__ASSIGNMENT__
Your copy starts at the line containing "Wood pile by" and ends at the last line below. Copy exactly, without pictures.

══ RECORDED INFORMATION

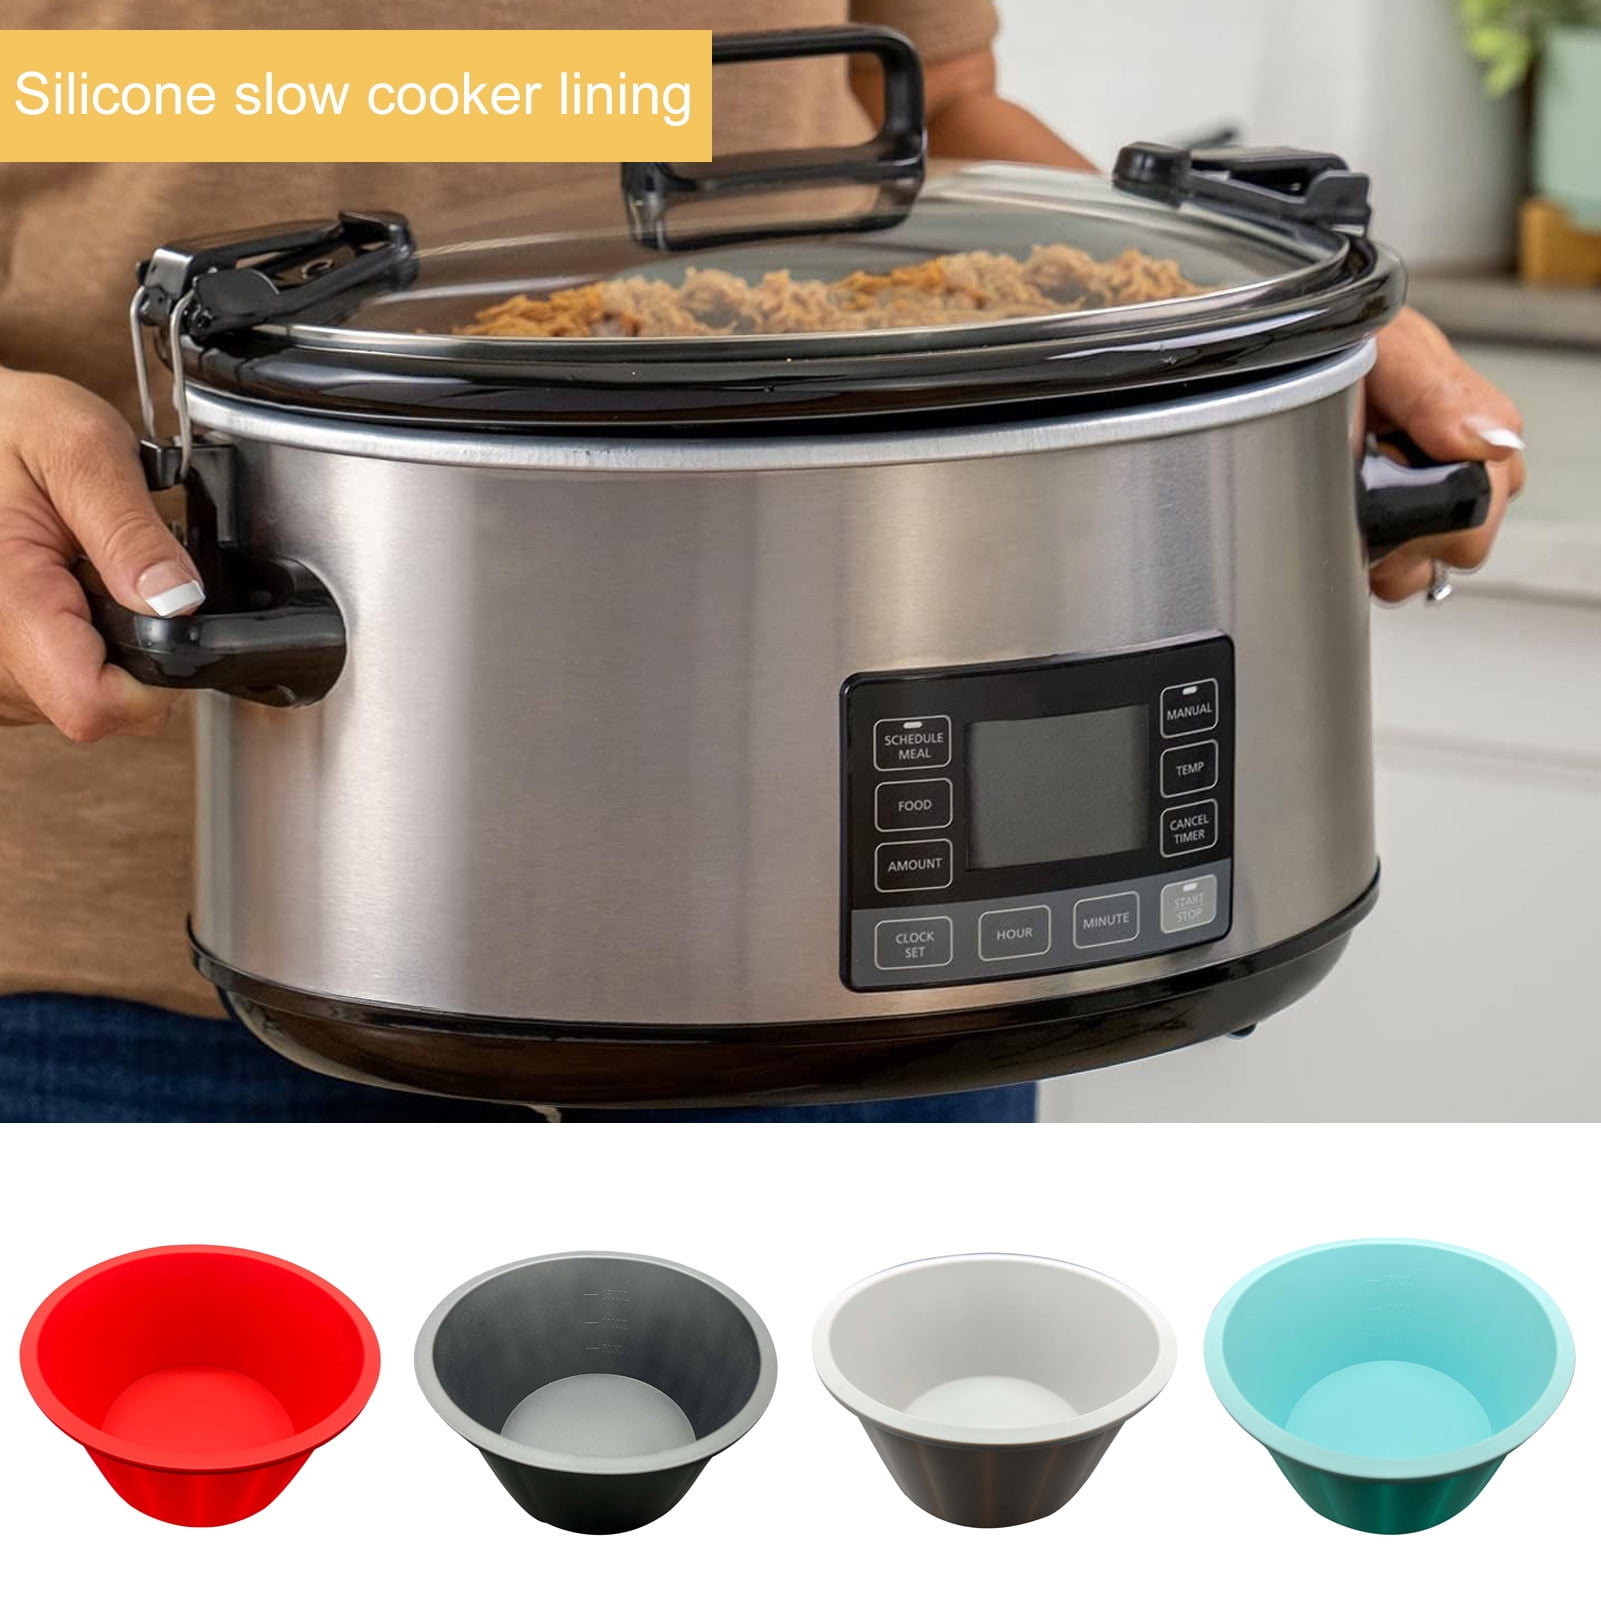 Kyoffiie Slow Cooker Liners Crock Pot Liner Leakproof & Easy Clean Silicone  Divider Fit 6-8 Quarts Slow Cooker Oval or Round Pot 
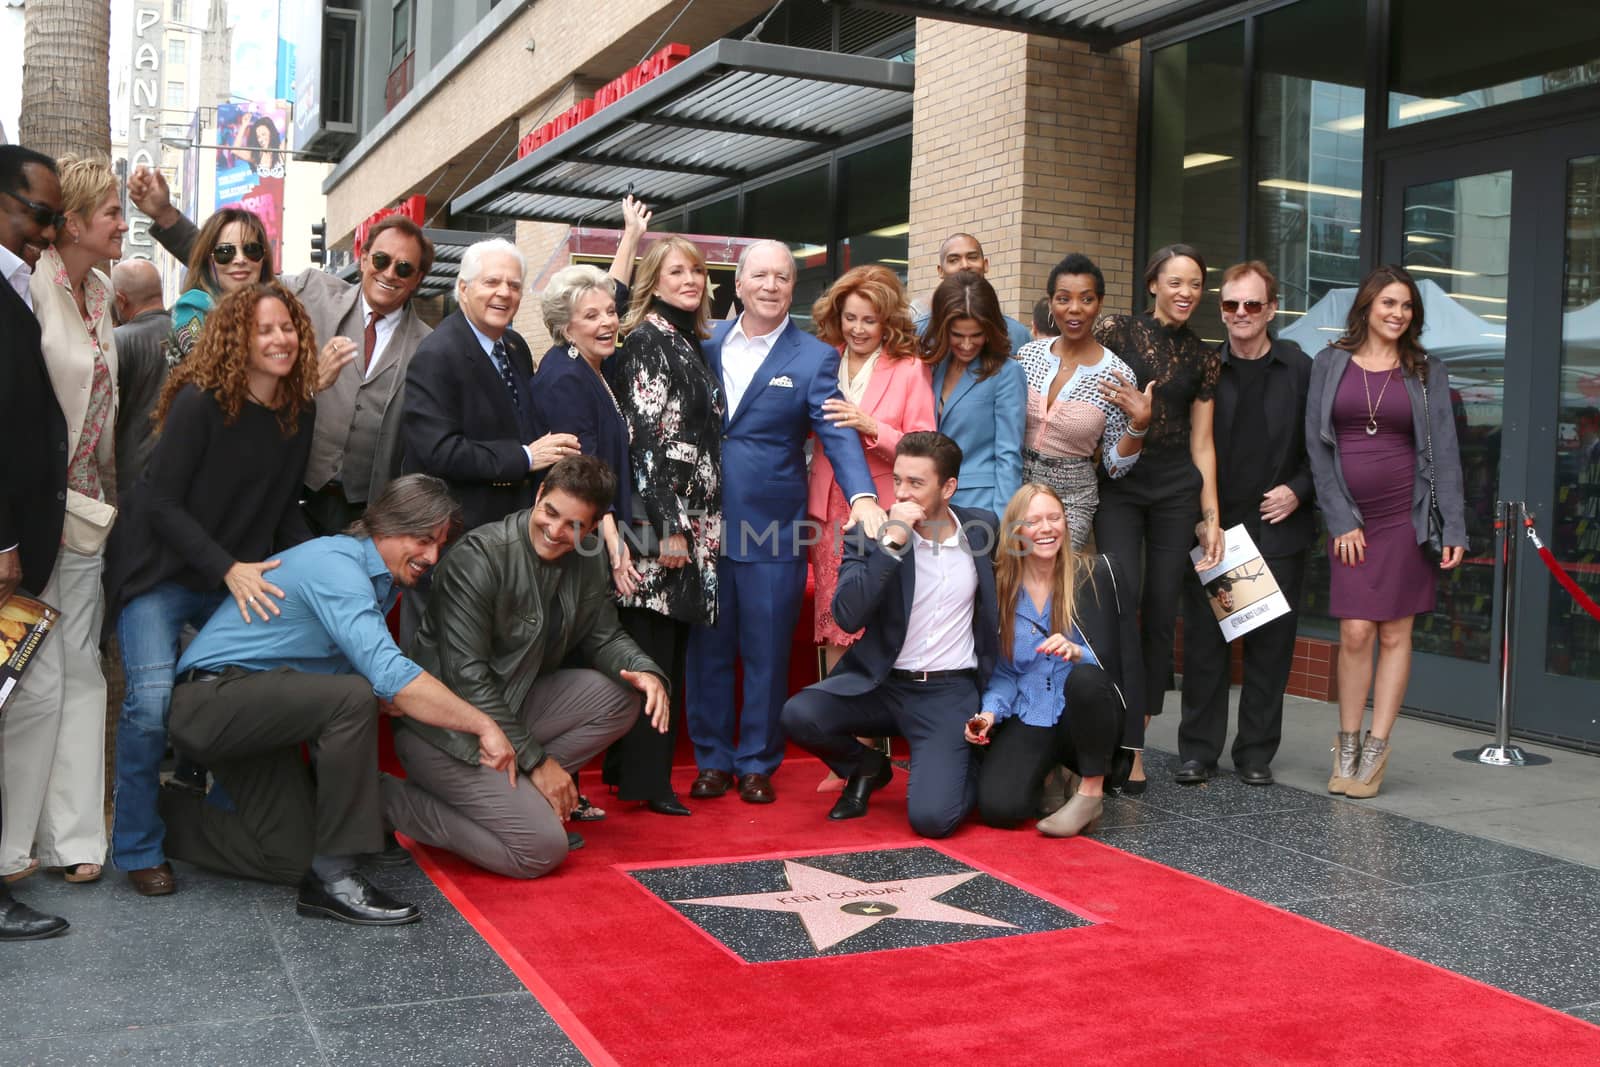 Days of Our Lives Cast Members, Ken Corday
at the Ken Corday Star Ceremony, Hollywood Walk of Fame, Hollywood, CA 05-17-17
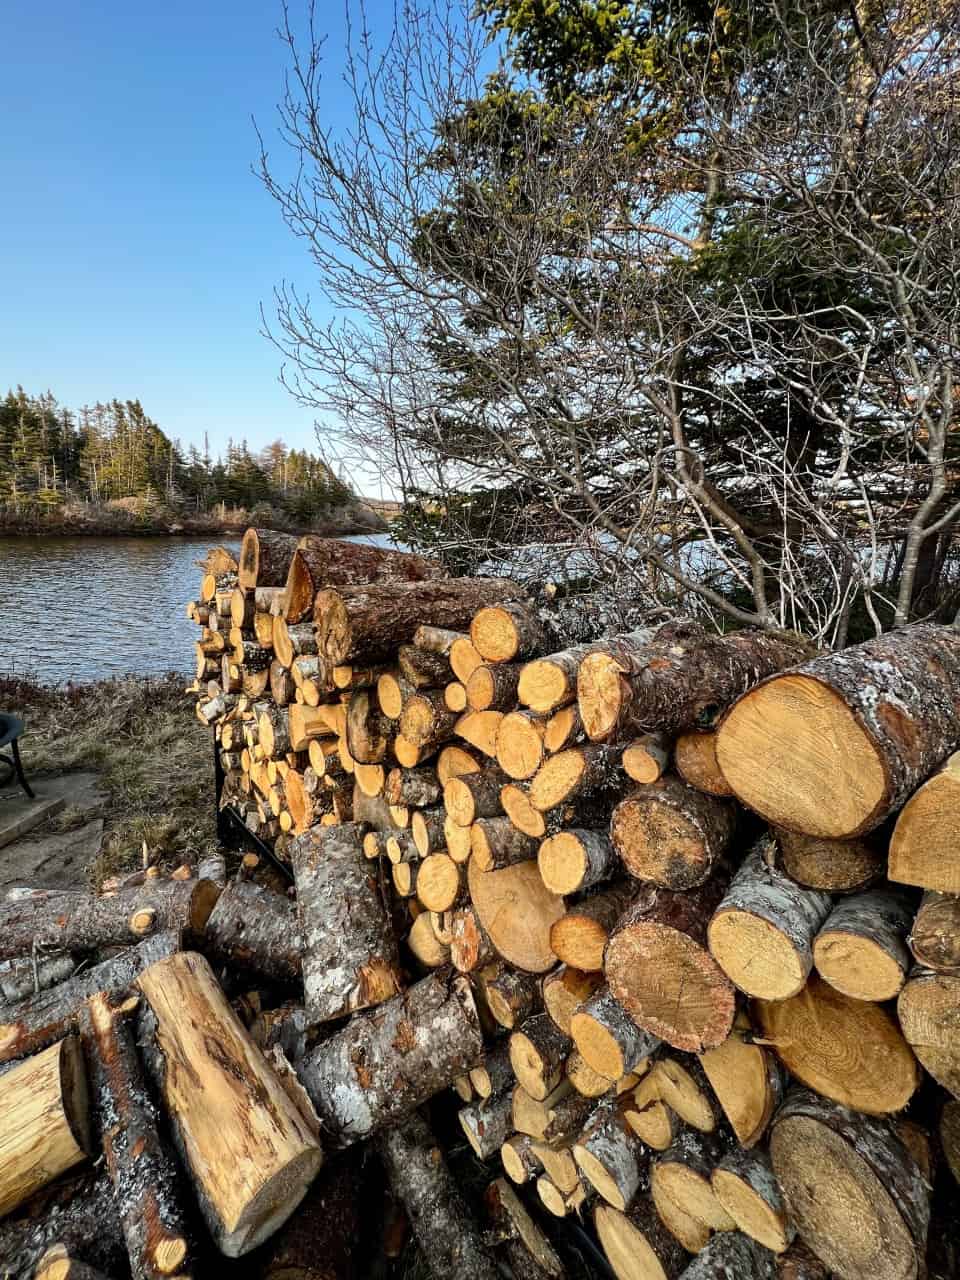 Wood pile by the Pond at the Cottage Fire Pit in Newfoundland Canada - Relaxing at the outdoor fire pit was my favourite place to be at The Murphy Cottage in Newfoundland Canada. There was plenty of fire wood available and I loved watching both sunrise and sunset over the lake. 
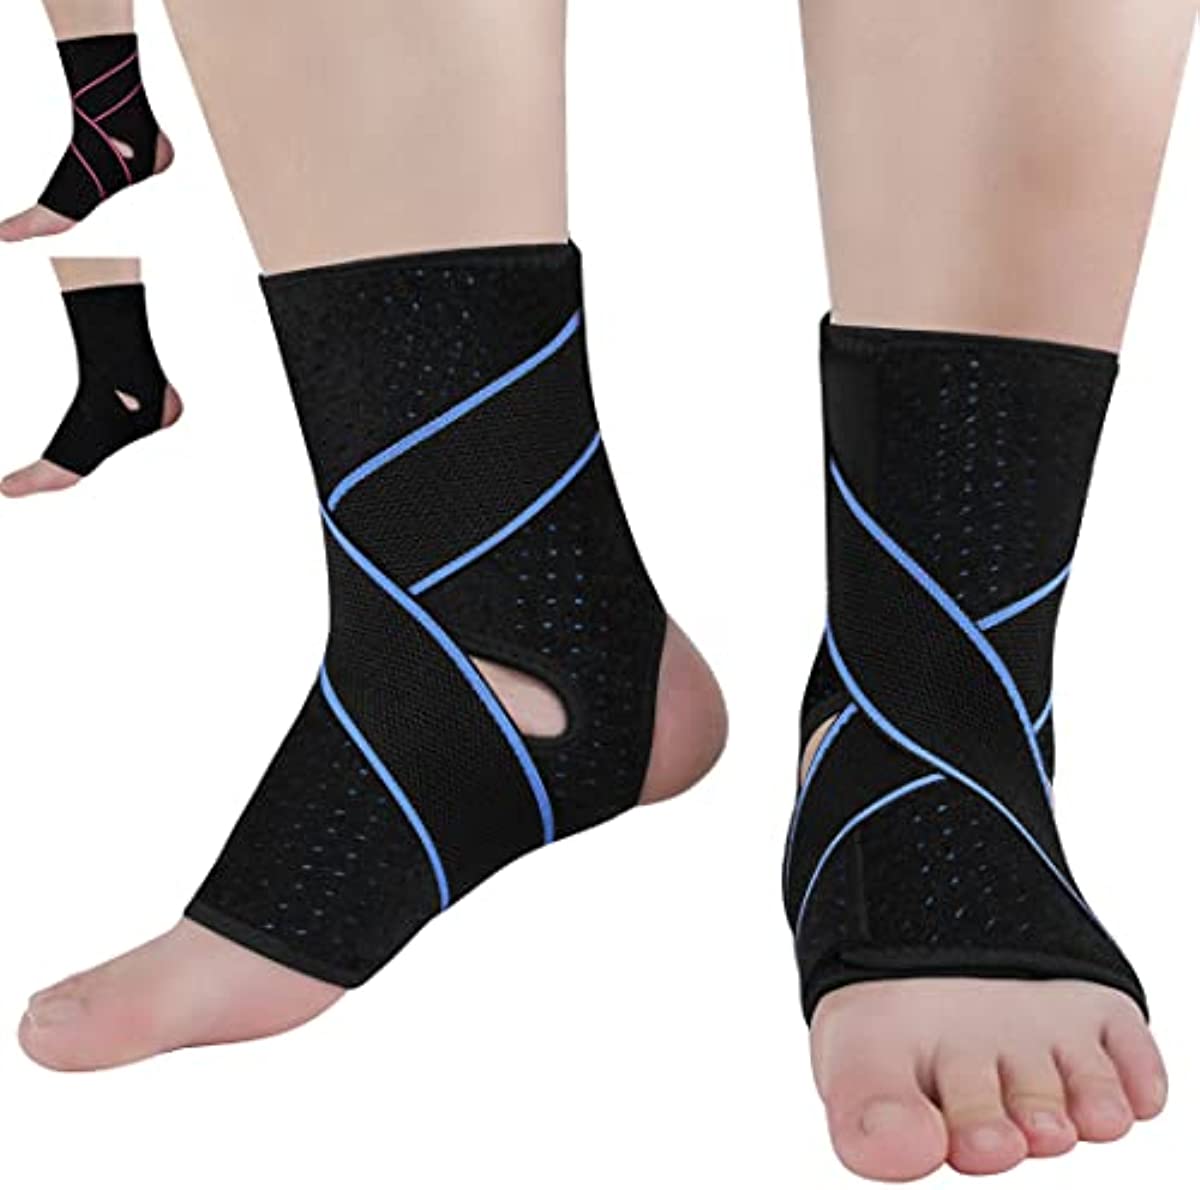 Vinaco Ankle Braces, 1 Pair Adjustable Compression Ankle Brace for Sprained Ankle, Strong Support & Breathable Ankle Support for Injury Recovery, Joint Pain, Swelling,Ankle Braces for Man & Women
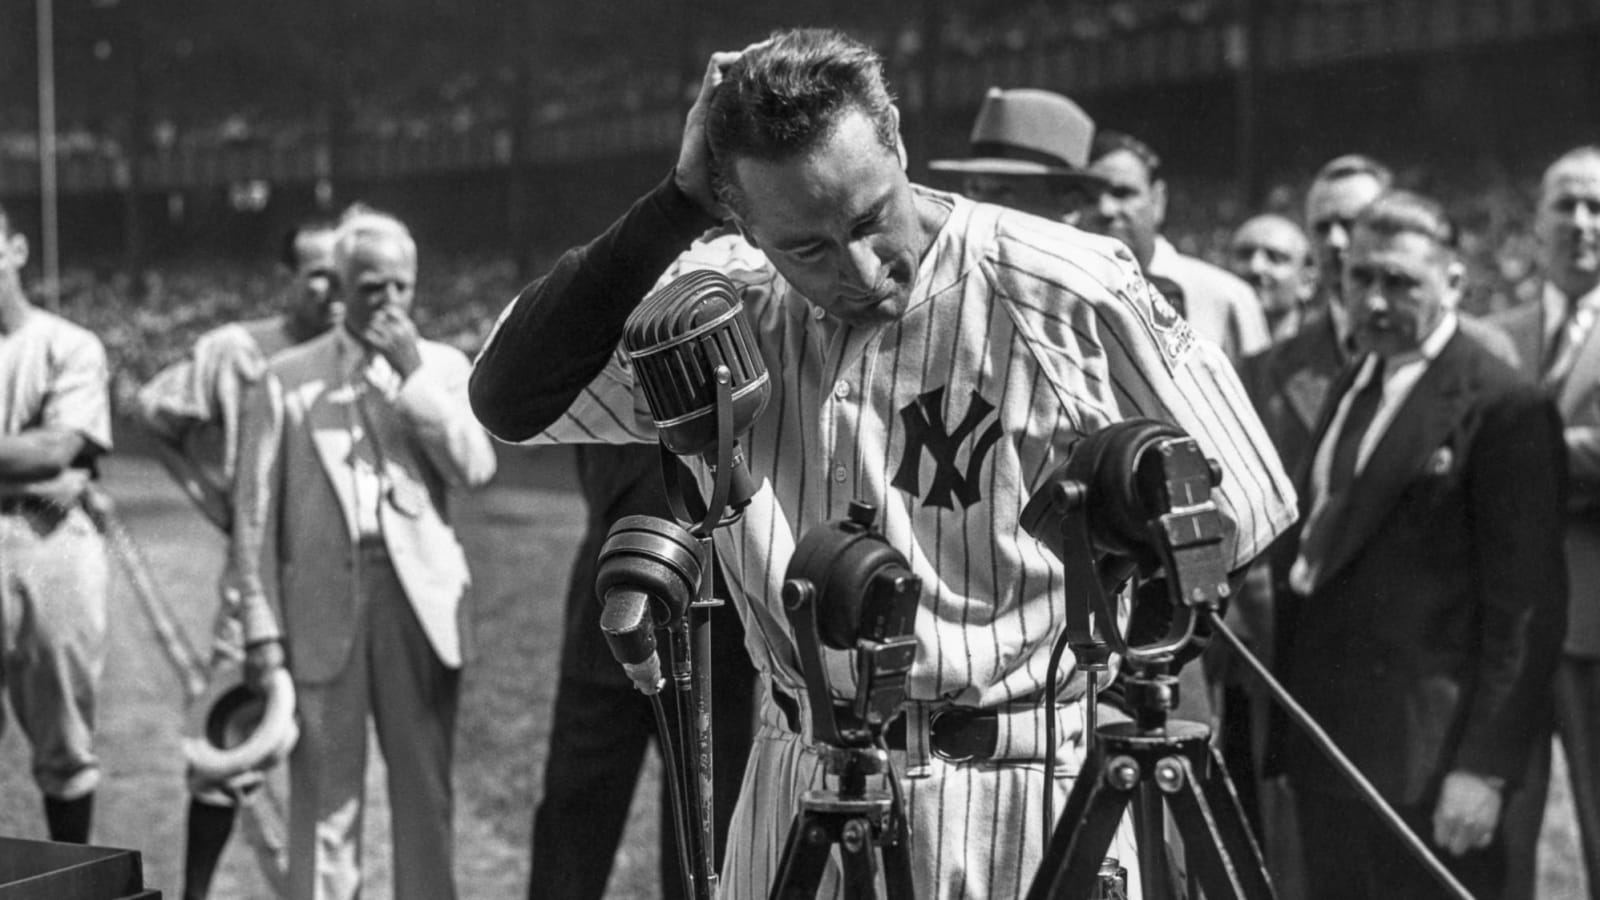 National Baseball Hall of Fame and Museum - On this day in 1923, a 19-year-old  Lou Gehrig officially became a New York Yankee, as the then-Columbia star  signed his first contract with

════

__RESULT OF THE TASK__
 Wood pile by the Pond at the Cottage Fire Pit in Newfoundland Canada - Relaxing at the outdoor fire pit was my favourite place to be at The Murphy Cottage in Newfoundland Canada. There was plenty of fire wood available and I loved watching both sunrise and sunset over the lake. 
 Vinaco Ankle Braces, 1 Pair Adjustable Compression Ankle Brace for Sprained Ankle, Strong Support & Breathable Ankle Support for Injury Recovery, Joint Pain, Swelling,Ankle Braces for Man & Women
 National Baseball Hall of Fame and Museum - On this day in 1923, a 19-year-old  Lou Gehrig officially became a New York Yankee, as the then-Columbia star  signed his first contract with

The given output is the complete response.